» **Problem details**: Repeat each line of the material below exactly as it appears, minus any pictures.

» **Stored data**:
┌──

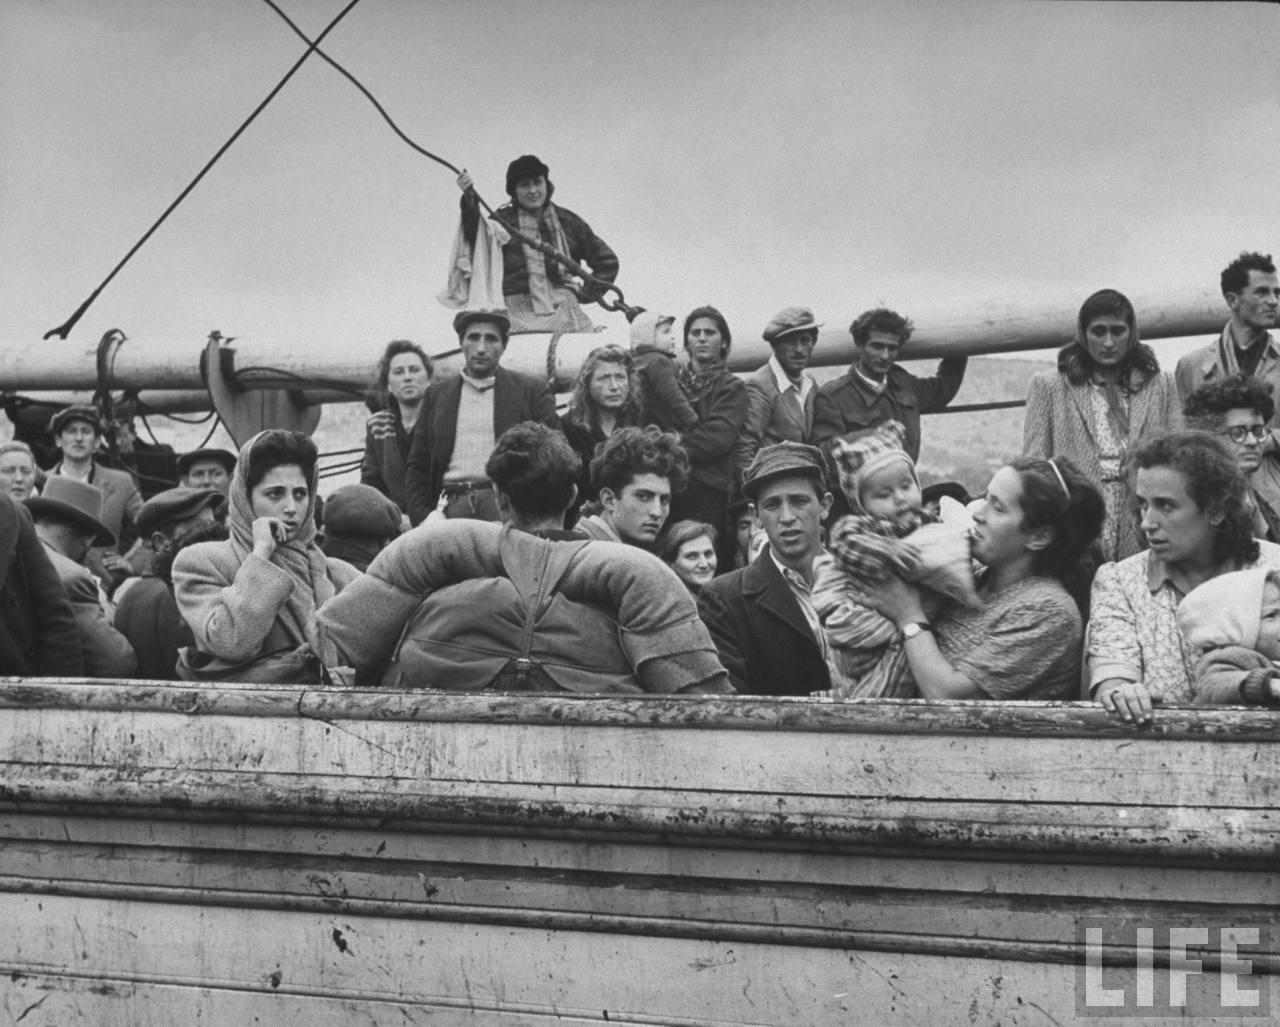 Еврейские иммигранты на борту захваченного судна. Хайфа. Апрель
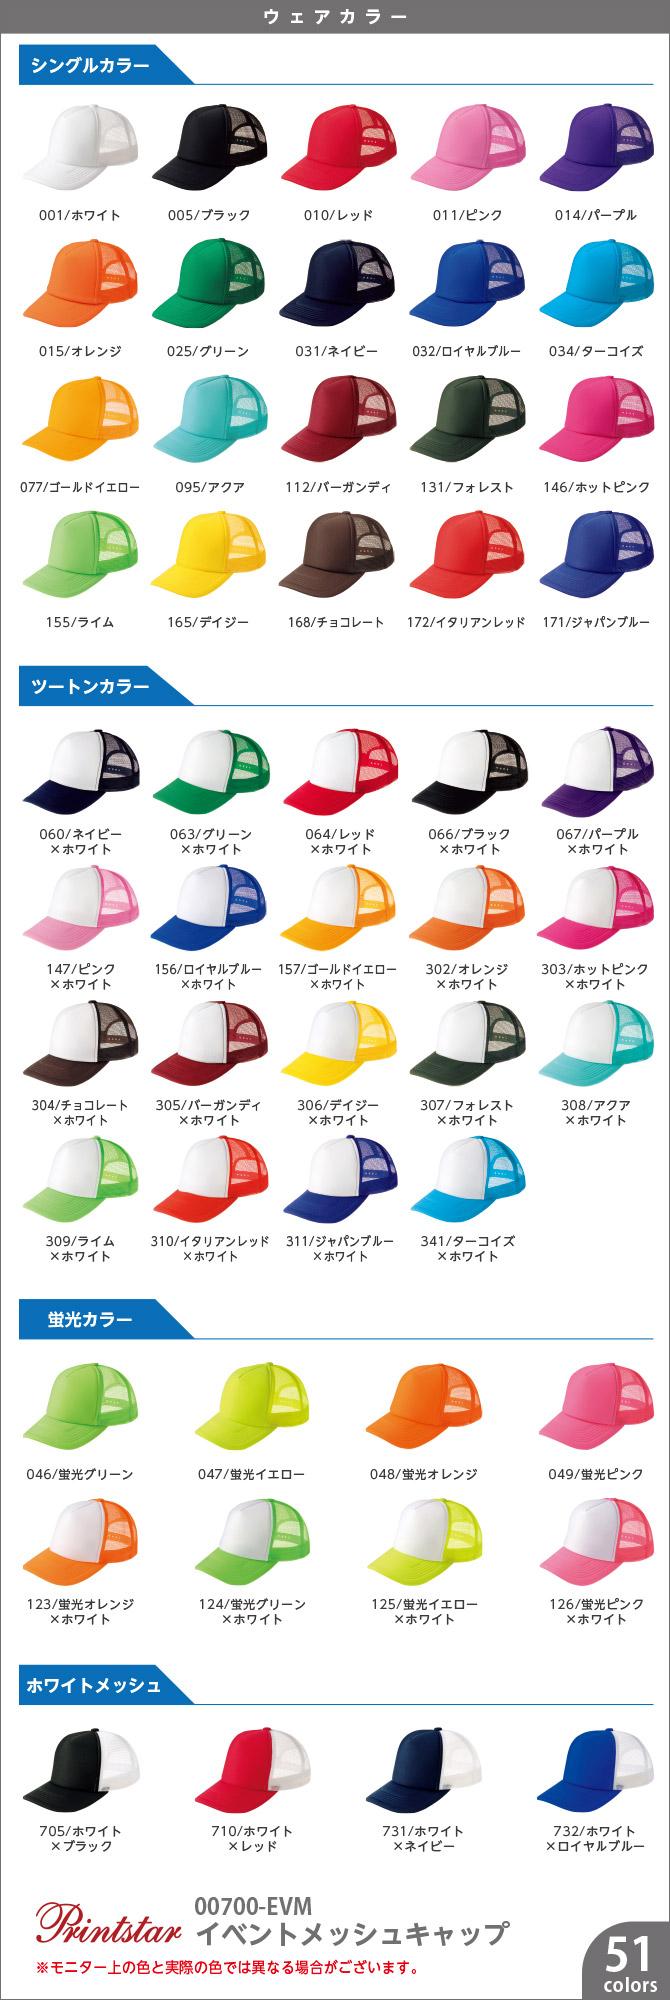 無地ウェア>キャップ・帽子>メッシュキャップ>00700-EVM
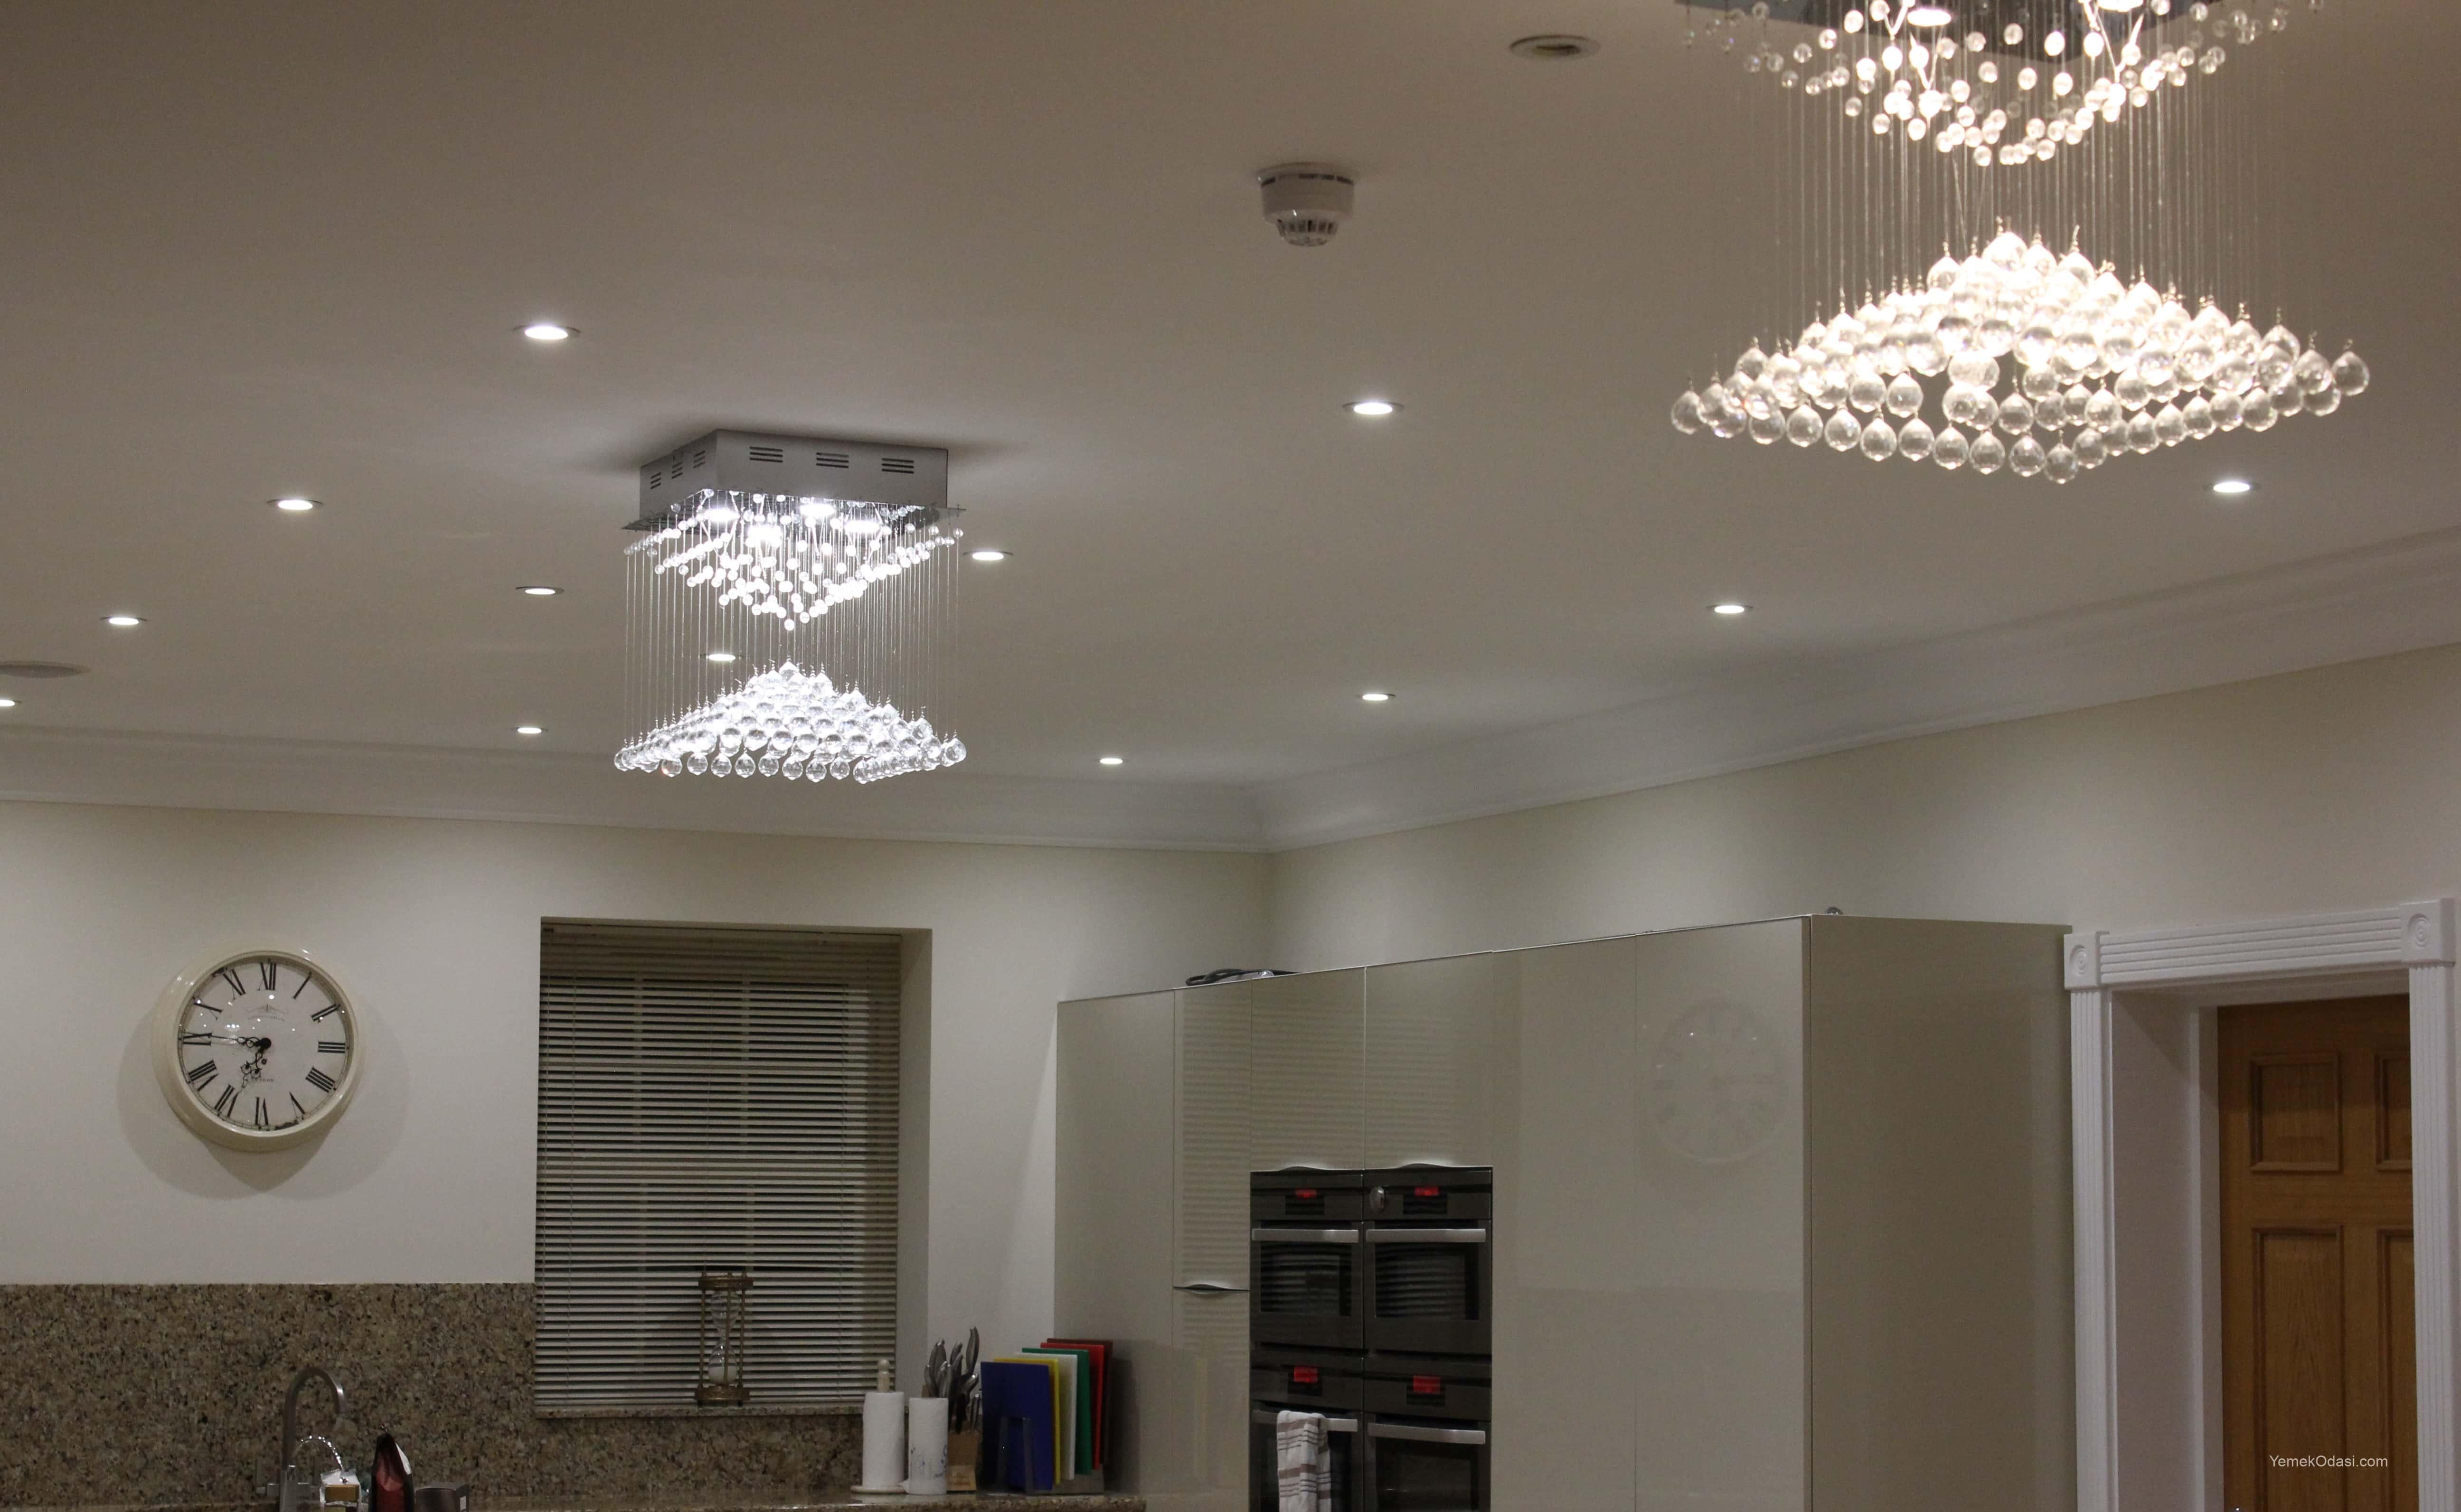 Mutfak aydınlatma

└──

» **Result**:
 Еврейские иммигранты на борту захваченного судна. Хайфа. Апрель
 無地ウェア>キャップ・帽子>メッシュキャップ>00700-EVM
 Mutfak aydınlatma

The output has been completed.